WORK ITEM -> Would you please retype, exactly, the lines of the listing below between the line with "MyEasyShopping 3-Tier Wooden" and the line with "Parma - Juventus. 1a g.", inclusive?

AVAILABLE DATA ->
· · · · ·

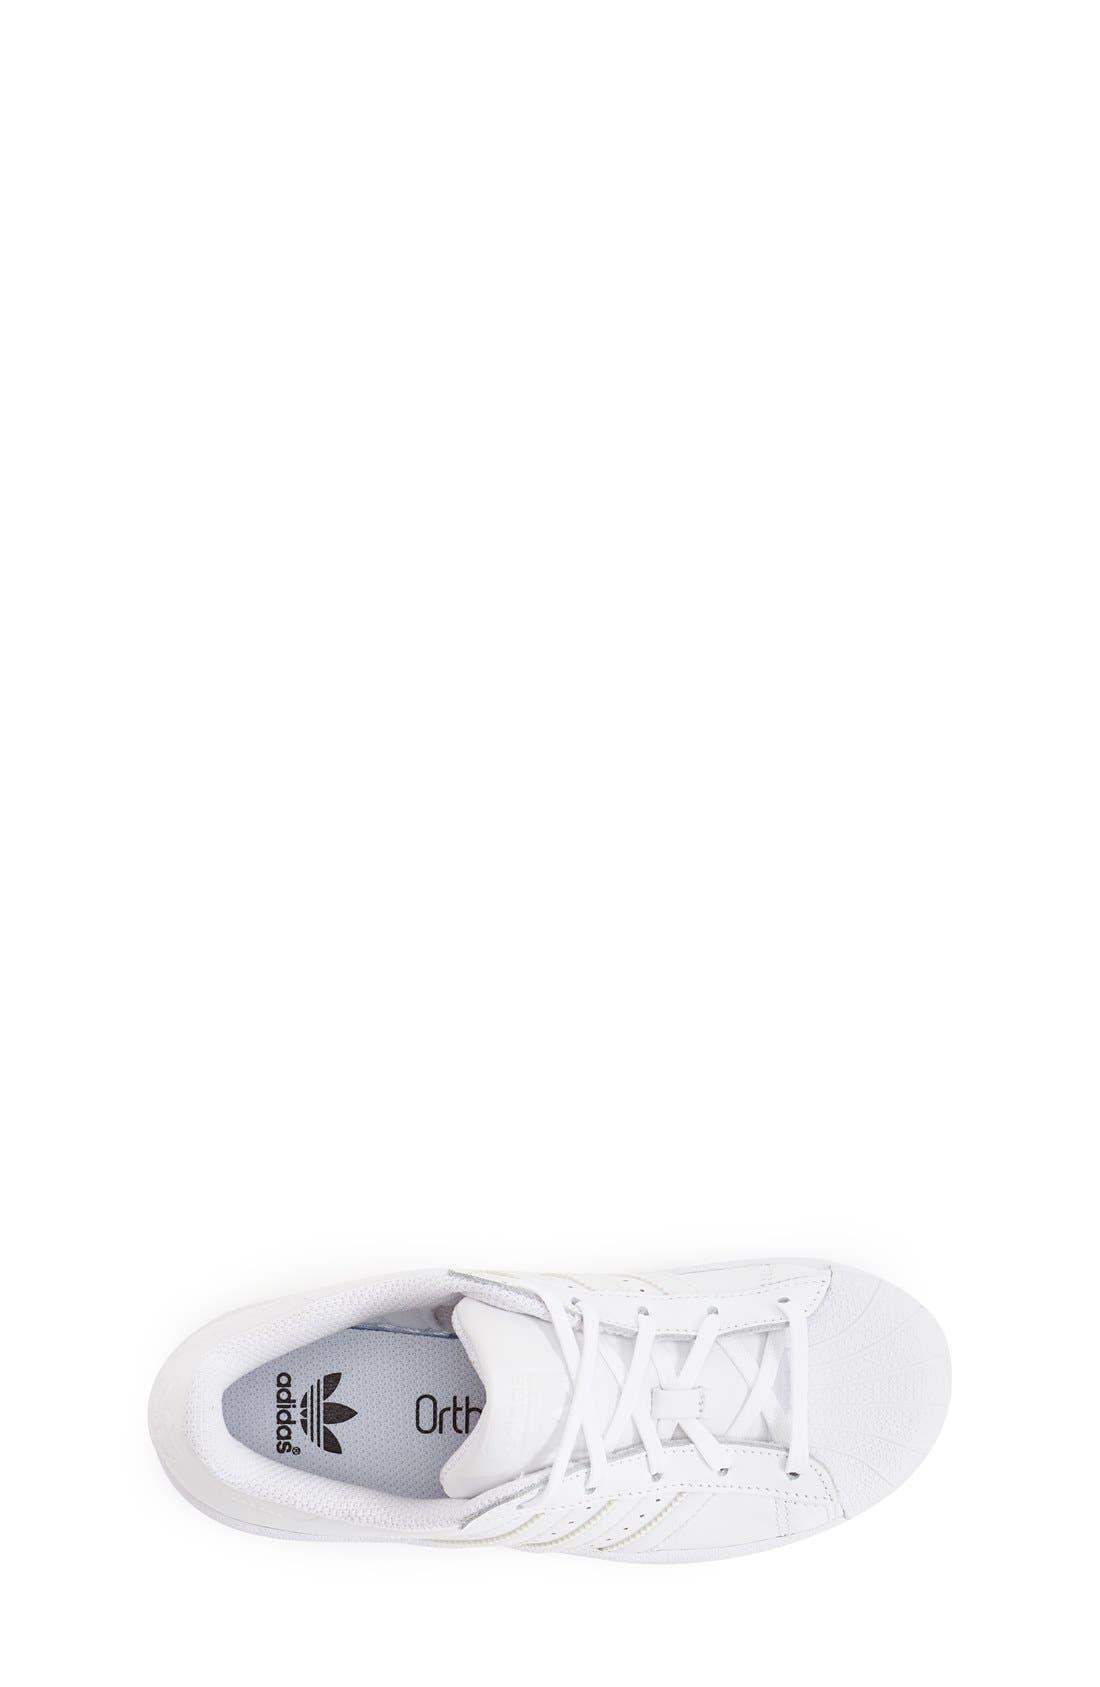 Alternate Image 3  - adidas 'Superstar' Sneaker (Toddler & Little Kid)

· · · · ·

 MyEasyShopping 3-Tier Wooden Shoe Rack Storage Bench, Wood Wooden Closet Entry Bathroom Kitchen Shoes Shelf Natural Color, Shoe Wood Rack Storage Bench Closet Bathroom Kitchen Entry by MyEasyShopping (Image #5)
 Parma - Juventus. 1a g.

· · · · ·

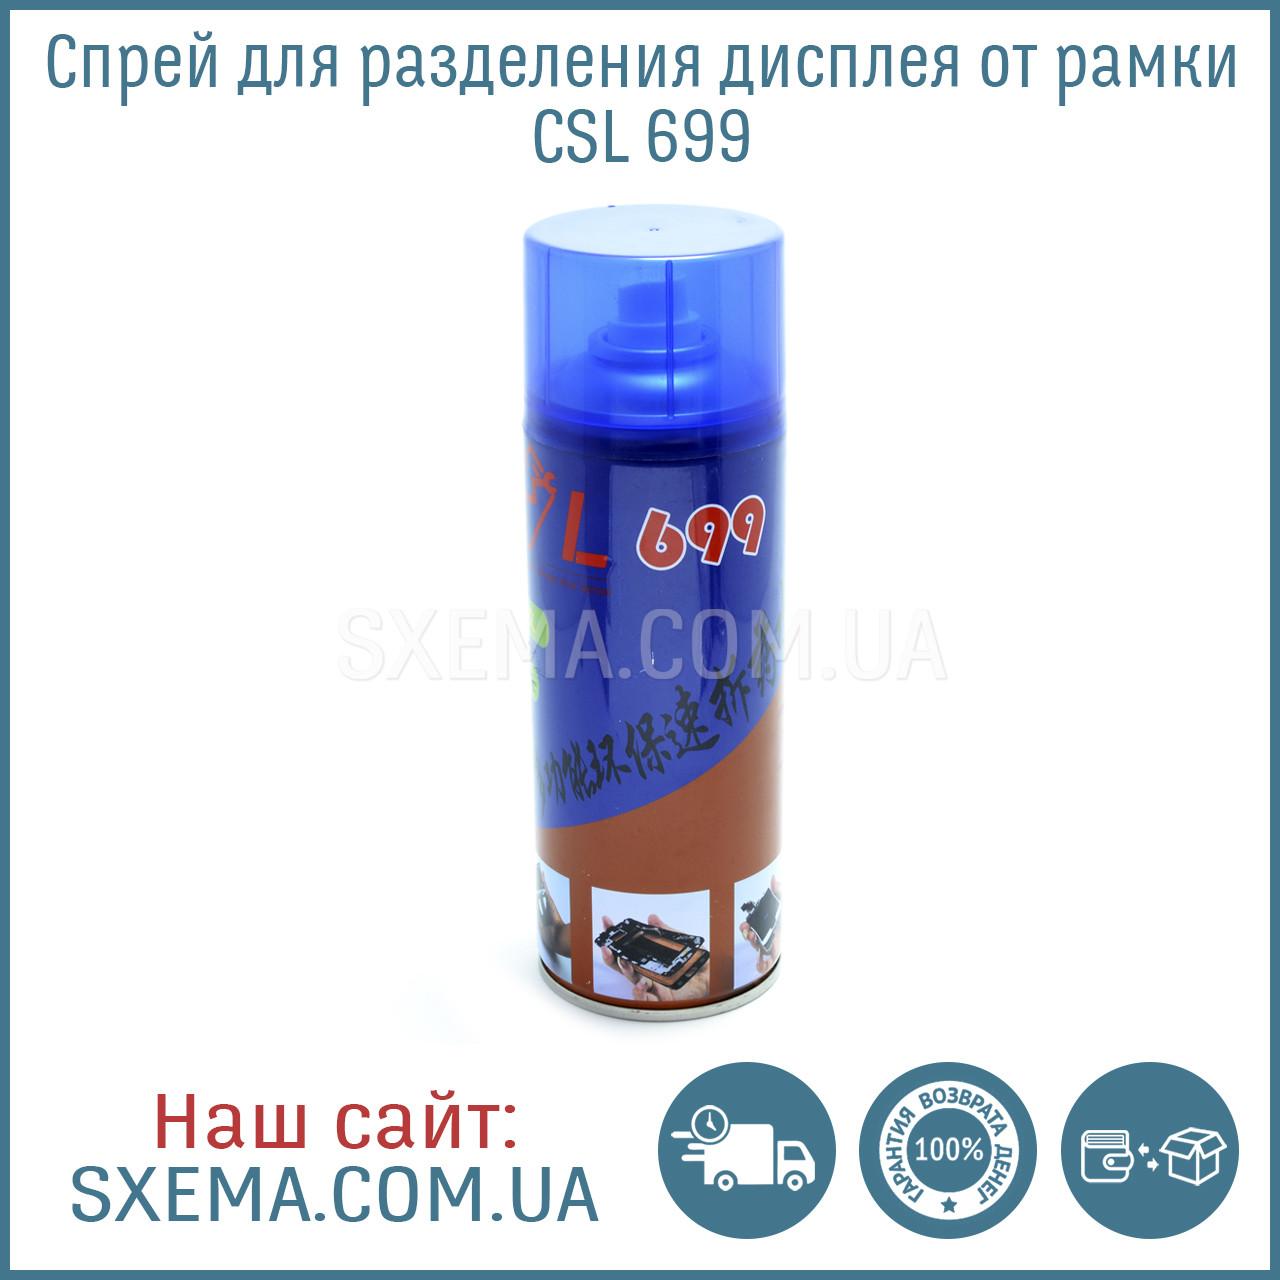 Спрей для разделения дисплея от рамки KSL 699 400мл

· · · · ·

ANSWER BOX ->
 MyEasyShopping 3-Tier Wooden Shoe Rack Storage Bench, Wood Wooden Closet Entry Bathroom Kitchen Shoes Shelf Natural Color, Shoe Wood Rack Storage Bench Closet Bathroom Kitchen Entry by MyEasyShopping (Image #5)
 Parma - Juventus. 1a g.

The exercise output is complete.